## Material shown
++++++++++++++++++++

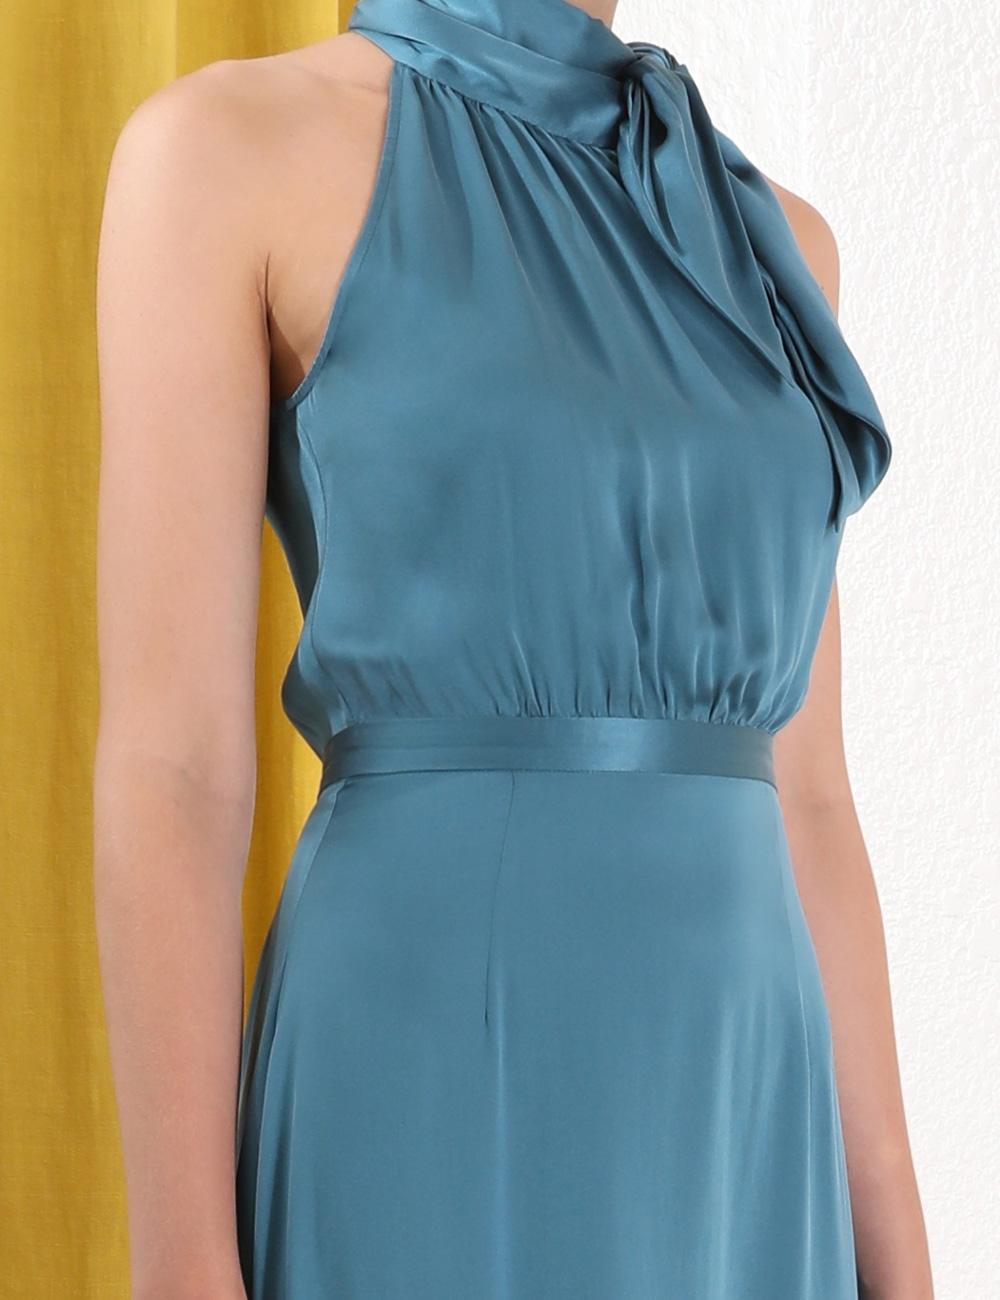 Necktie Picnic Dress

++++++++++++++++++++

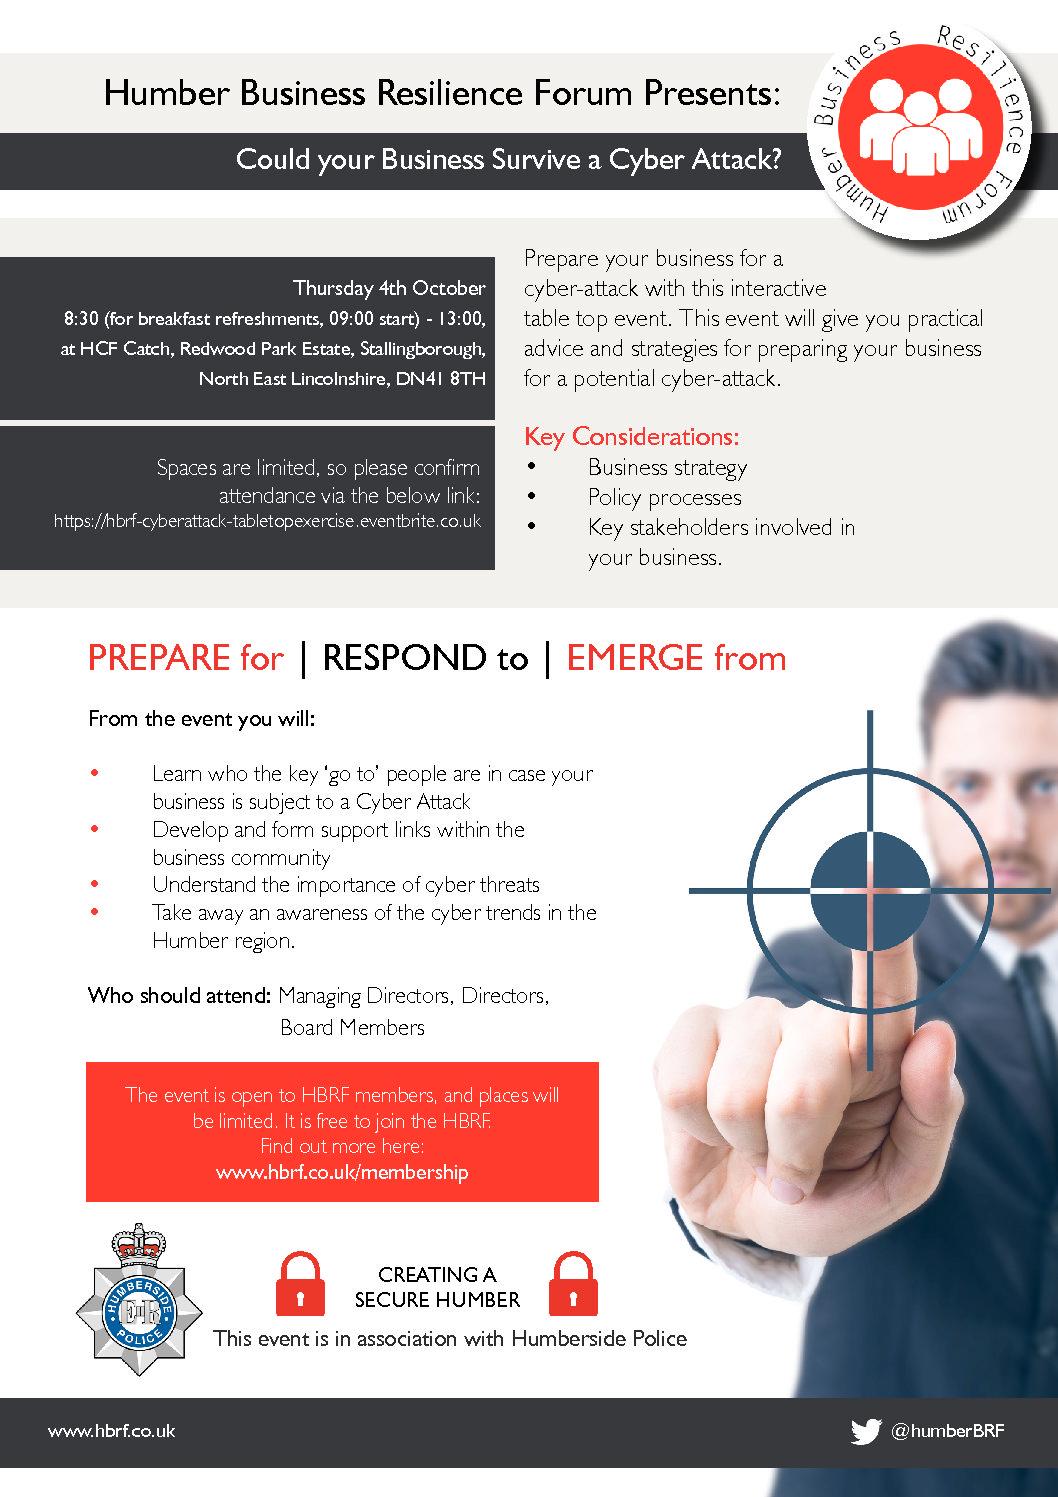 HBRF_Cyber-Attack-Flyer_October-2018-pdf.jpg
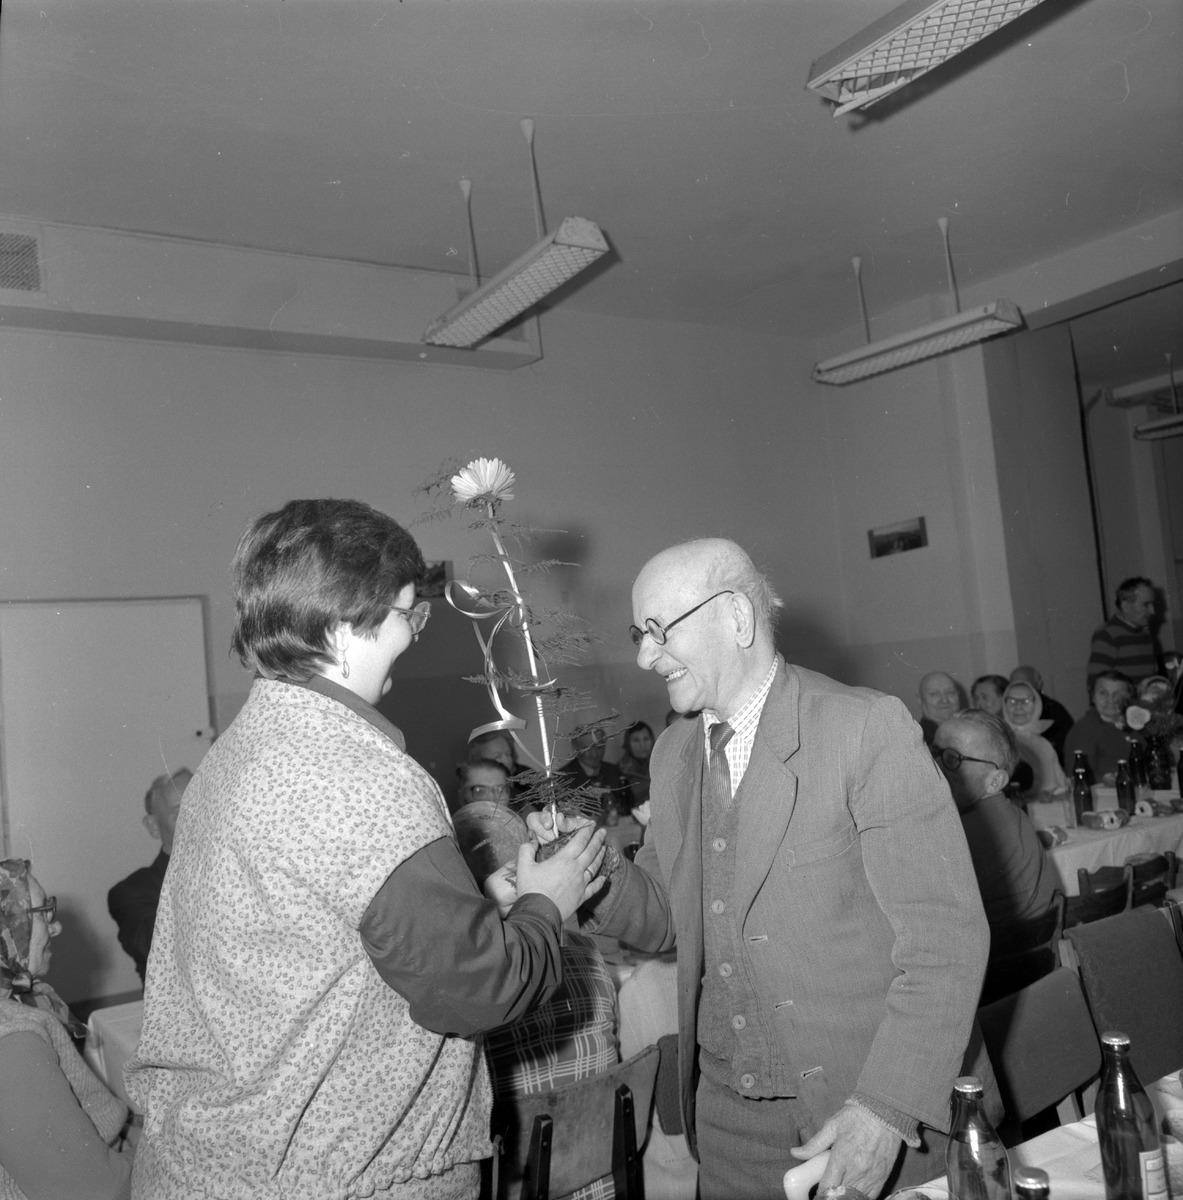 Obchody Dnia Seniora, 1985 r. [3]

++++++++++++++++++++

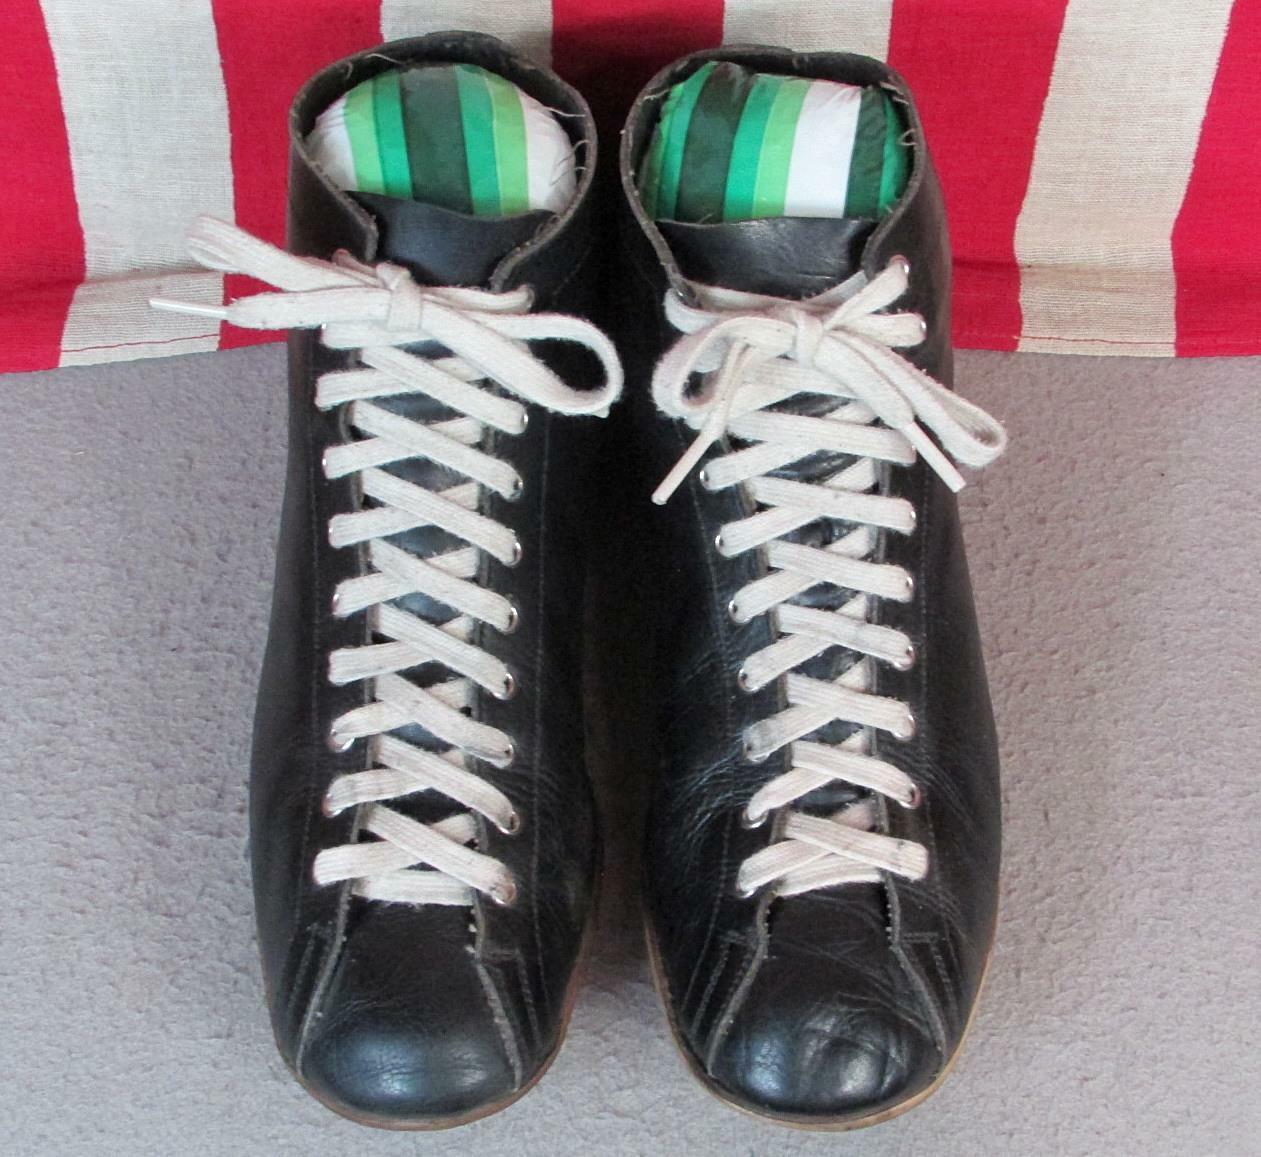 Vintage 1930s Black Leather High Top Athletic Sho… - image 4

++++++++++++++++++++

## Exercise prompt
Look above for the line with "HBRF_Cyber-Attack-Flyer_October-2018-pdf.jpg" and the line with "Obchody Dnia Seniora, 1985 r. [3]", then restate exactly those two lines and all lines between them, with no pictures.

## Response
 HBRF_Cyber-Attack-Flyer_October-2018-pdf.jpg
 Obchody Dnia Seniora, 1985 r. [3]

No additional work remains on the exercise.